* _Your instructions_: Everything from the line with "GDR photo archive: Berlin" to the line with "Раскраска Персонаж в" in the listing below, both lines included, needs to be copied exactly, apart from the pictures.

Top of Data section

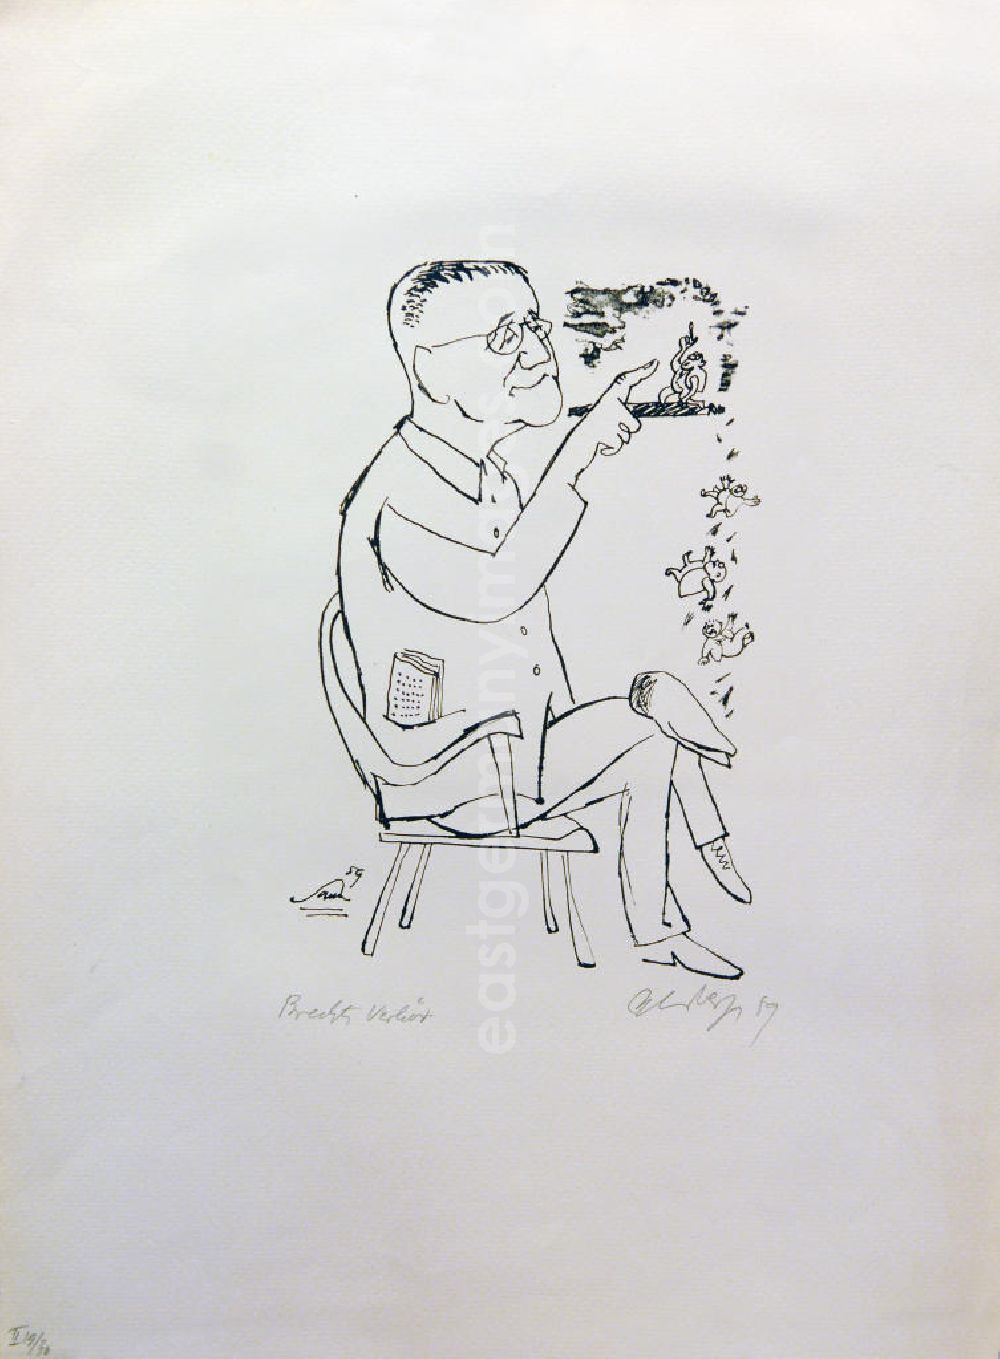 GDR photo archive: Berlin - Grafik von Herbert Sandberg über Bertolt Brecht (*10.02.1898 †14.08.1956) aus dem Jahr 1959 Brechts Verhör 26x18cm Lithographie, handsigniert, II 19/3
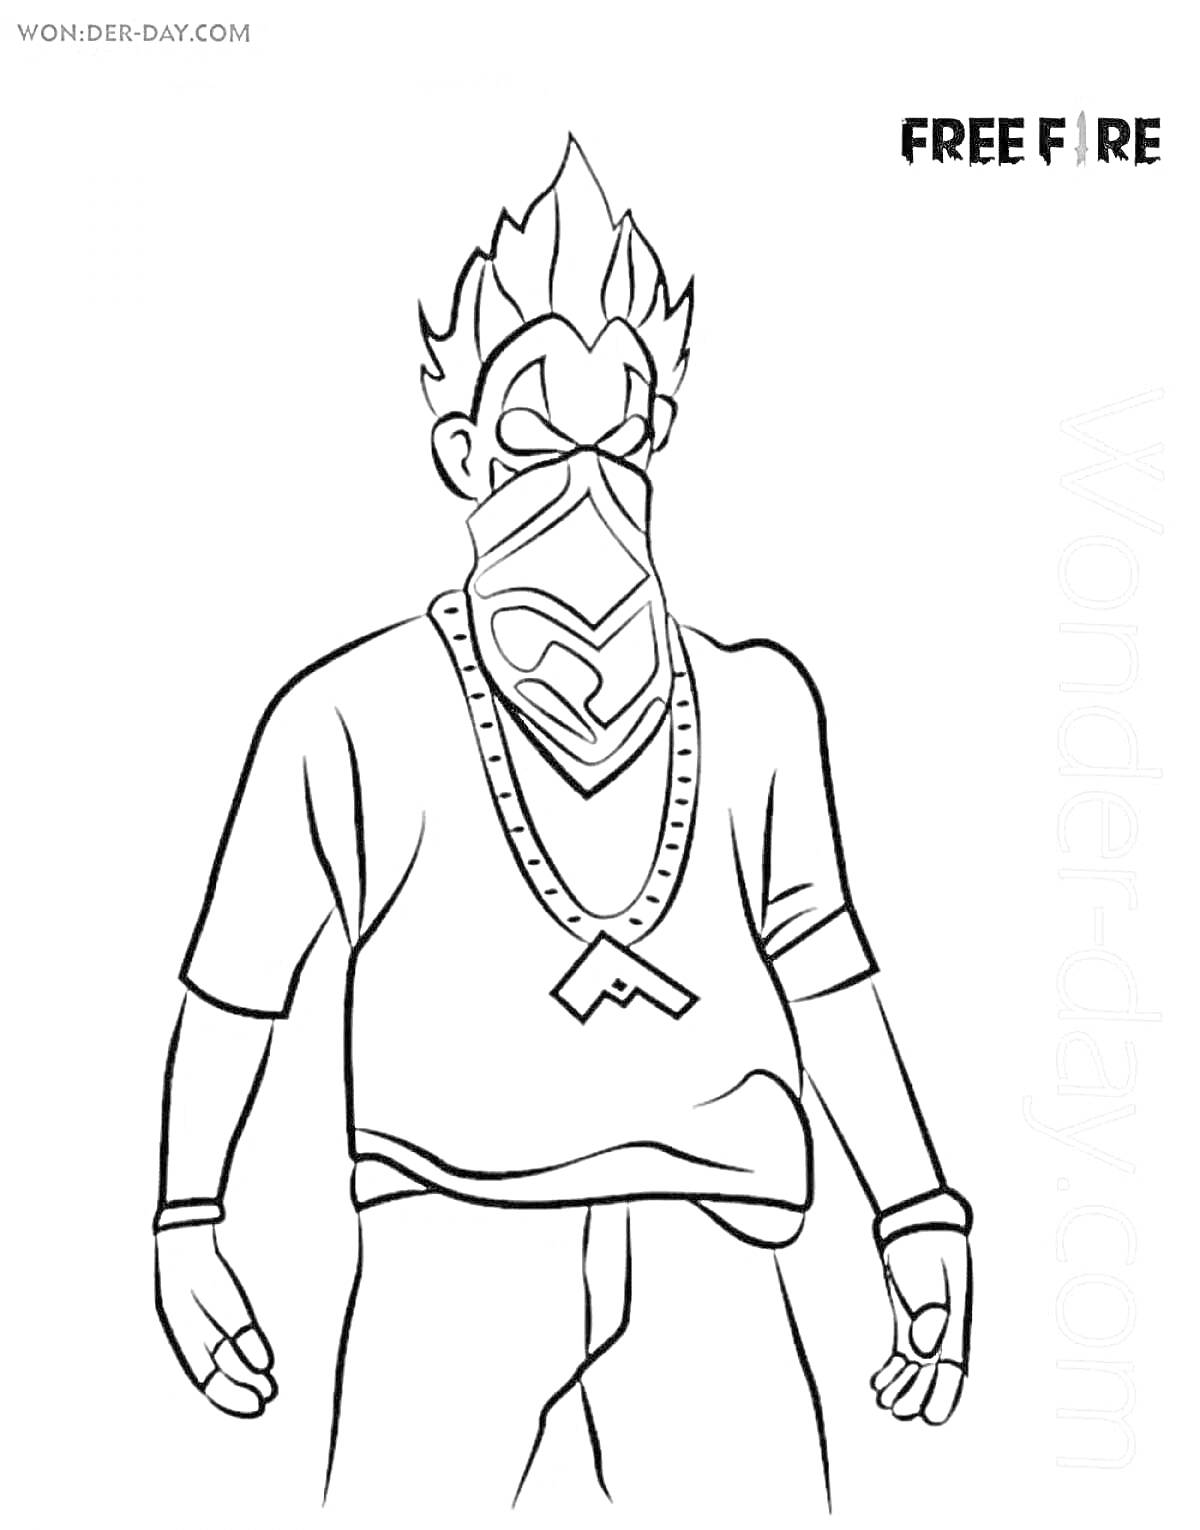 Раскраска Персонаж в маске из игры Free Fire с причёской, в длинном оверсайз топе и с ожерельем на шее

Bottom of Data section
Top of Data section

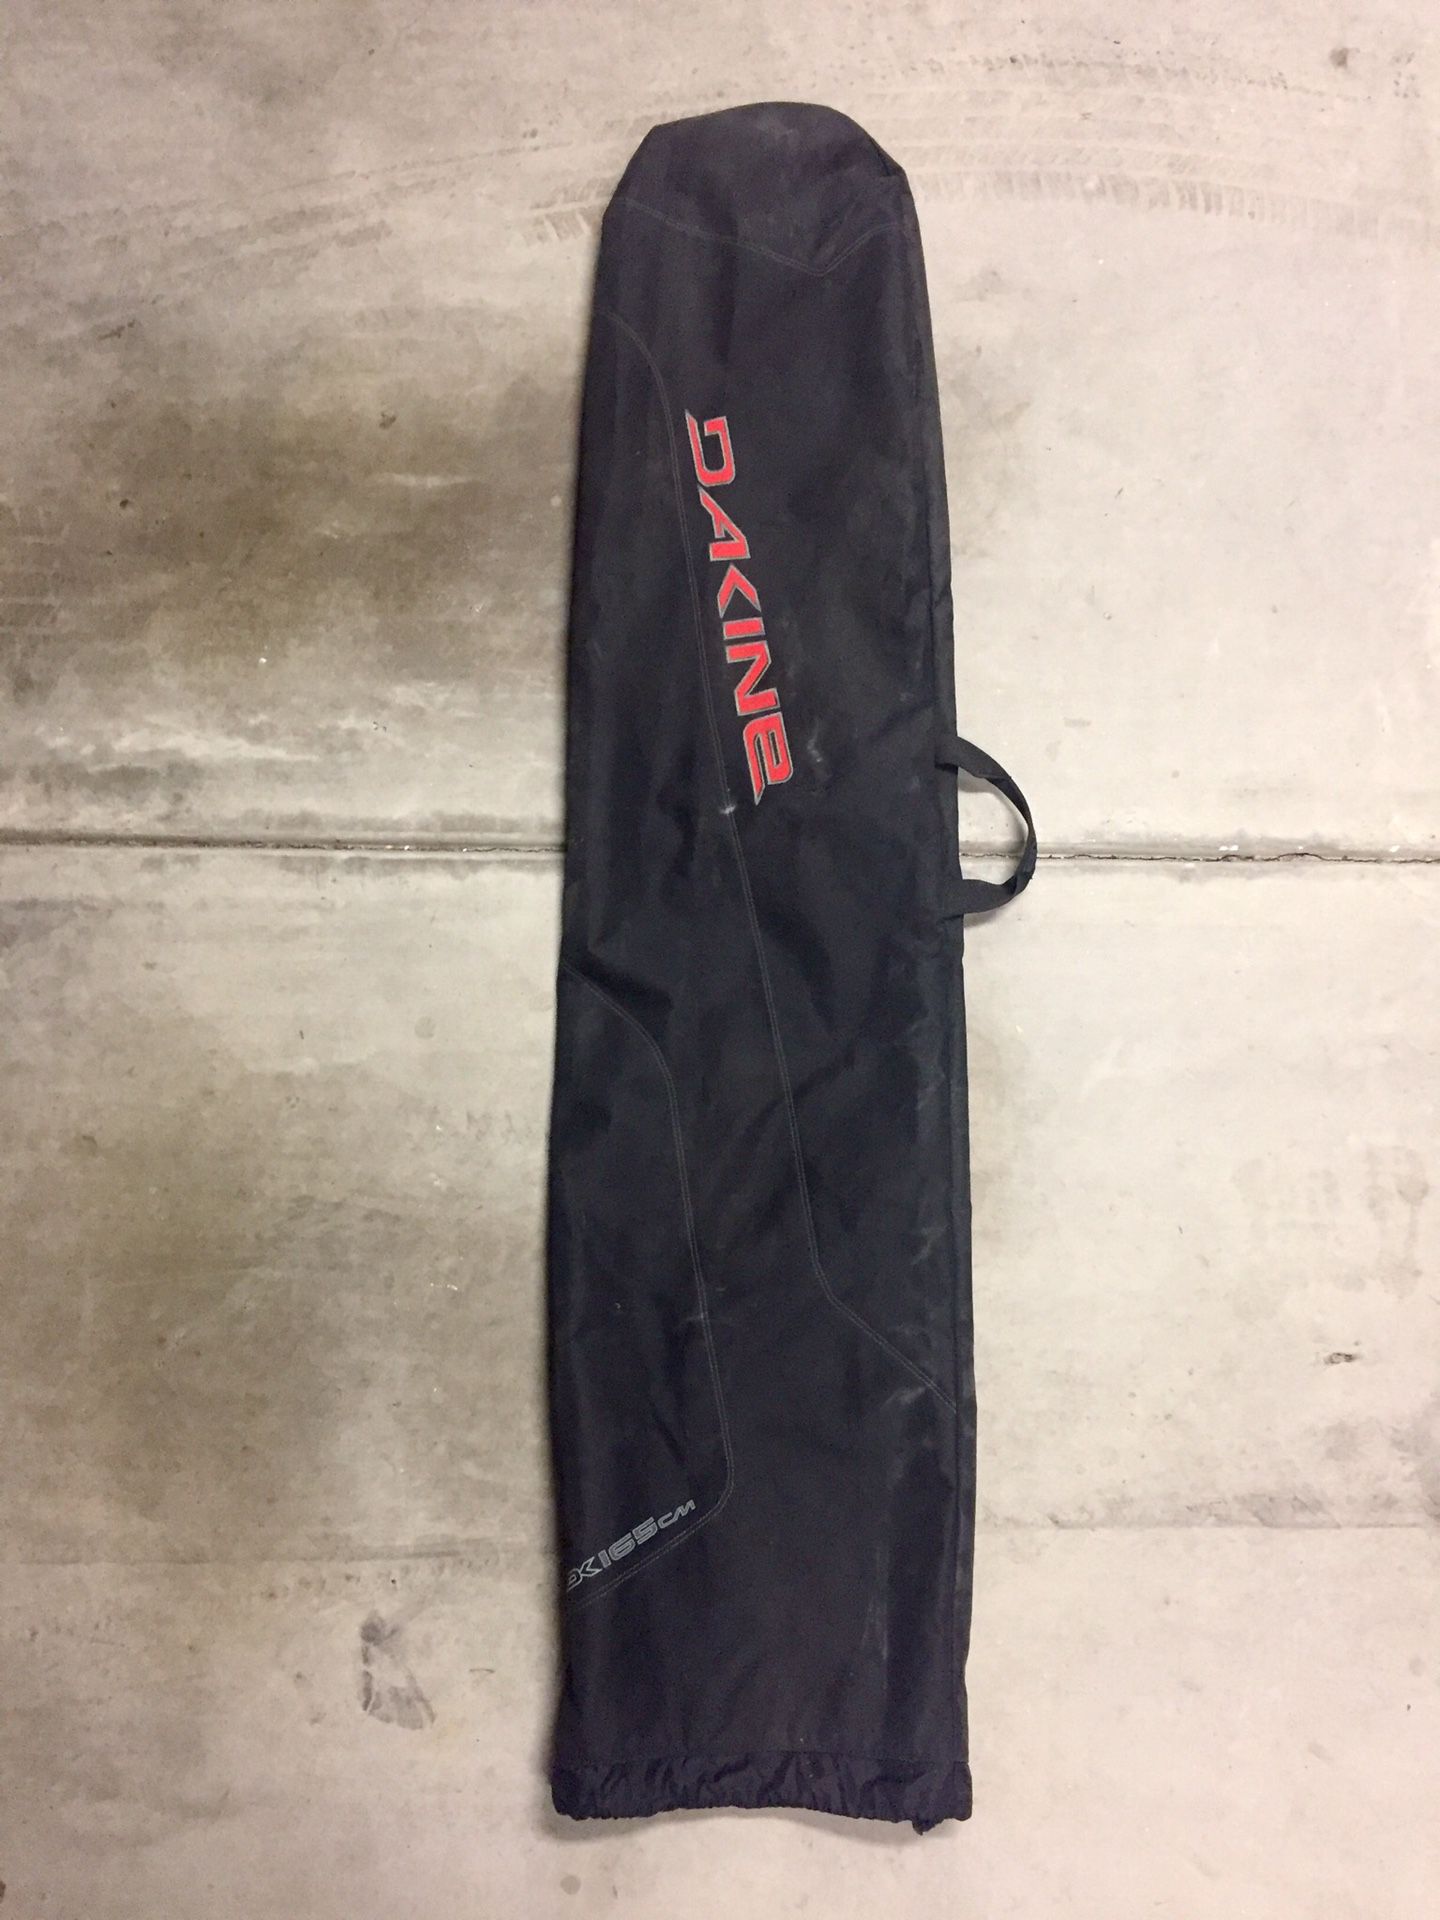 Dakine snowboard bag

Bottom of Data section

* _Answer below_:
 GDR photo archive: Berlin - Grafik von Herbert Sandberg über Bertolt Brecht (*10.02.1898 †14.08.1956) aus dem Jahr 1959 Brechts Verhör 26x18cm Lithographie, handsigniert, II 19/3
 Раскраска Персонаж в маске из игры Free Fire с причёской, в длинном оверсайз топе и с ожерельем на шее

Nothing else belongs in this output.